Briefly describe the work you do.
I mainly paint on big size canvases using acrylic and charcoal. In my paintings, I usually collect all kind of forms and arrange them in psychologically familiar shapes, adding a unique background. I am always looking for the perpetual movement that lies behind fixed scenes. Because of this, I also work on animation in video art and on illustration.
Tell us about your background and how that has had an influence on your work and on you as an artist.
I was born and lived in Saudi Arabia until I was 18. The quietness, the loneliness, the stillness and the greatness of the space, especially the desert, opened a new dimension within my imagination. Moving to Aleppo for my studies in Fine Arts was a whole different experience: There I met many artists and professors with whom I used to work.

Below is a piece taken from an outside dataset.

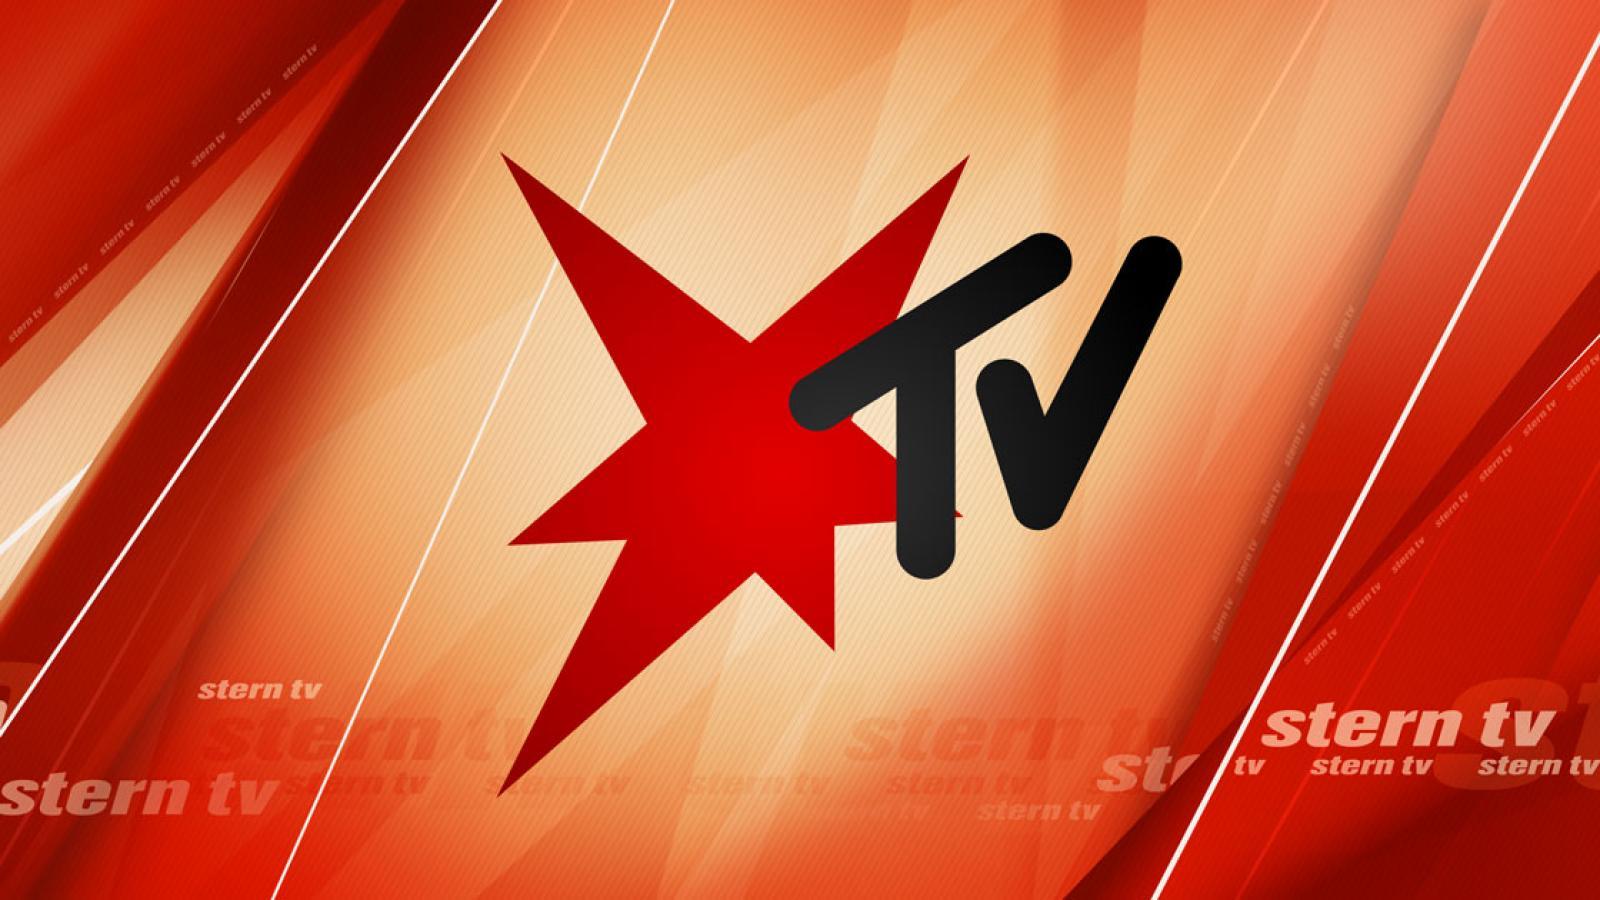 stern TV im Social Web

It was an intense period of time, during which many artistic thoughts and projects were shared amongst passionate people. Now, as art became my identity and that all aspects of my life are deeply connected to it, everything around me has an influence on the work I do.
The concept of the artist studio has a broad range of meanings in contemporary practice. Artists may spend much of their time in the actual studio, or they may spend very little time in it. Tell us about your individual studio practice and how it differs from or is the same as traditional notions of “being in the studio.”
Since I started painting, I have managed to create a work space in the places I have lived, and it has always been in the living room. My studio is also the area where I welcome friends, play music, organize dinners and jam sessions,… I don’t dissociate my work from my life much and this multipurpose space aims on influencing each other on a human and artistic level.
What roles do you find yourself playing that you may not have envisioned yourself in when you first started making art?
I am currently not playing any other roles other than being a full time artist.
When do you find is the best time to make art? Do you set aside a specific time everyday or do you have to work whenever time allows?
I don’t have any fixed time for working. However, I try to do it everyday. Sometimes I enjoy waking up very early in the morning in order to work along with the sunrise, and other times I can stay up until very late: It really depends on my mood and on my inspiration.
How has your work changed in the past five years? How is it the same?
There has been a big difference. Before, when I was a student, I would experiment different artistic movements and techniques in order to find myself. But art cannot be limited to these ideas, and now, after a few years, I can say that I reached some kind of artistic identity to which I feel close. I know what I do and why I do it.
How have people such as family, friends, writers, philosophers, other artists or even pop icons had an impact on the work you do?
Philosophers, artists and my family have an influence on the work I do. But if I knew exactly from where my inspiration came from, I would keep it with me all the time and would not stop making art! However, this thing is moving around me quickly and I try to catch it as often as possible.
Have you ever been pulled in the direction of a pursuit other than being an artist? What are your other interests?
I recall always wanting to be an artist. However, if I hadn’t been an artist, I would probably be a craftsman or a joiner. Other than that, I enjoy playing some music, singing, cooking pasta with yoghourt and garlic, keeping my cat Shayboob company and fixing things in my flat/studio.
Mohammad Zaza, Syrian artist, was born in Riyadh in 1987. Growing up in an artistic family, he started drawing and painting at an early age. After completing high school in Saudi Arabia, he moved to Syria in 2006 to study at the faculty of Fine Arts in Aleppo University. He held his first solo exhibition in 2008 and, after his graduation in 2010, was appointed as a painting teacher assistant at the University until 2012. Besides painting on big size canvases mainly, he also works on illustrations and animations.
In his artworks, Mohammad Zaza focuses on the movement that lies behind fixed scenes, enhancing the subject in order to open new scopes of reality. Because his paintings aspire to work as a window to another dimension of life, his shapes emphasize the unity of the source of thoughts, allowing the viewer to apprehend with him the Origins.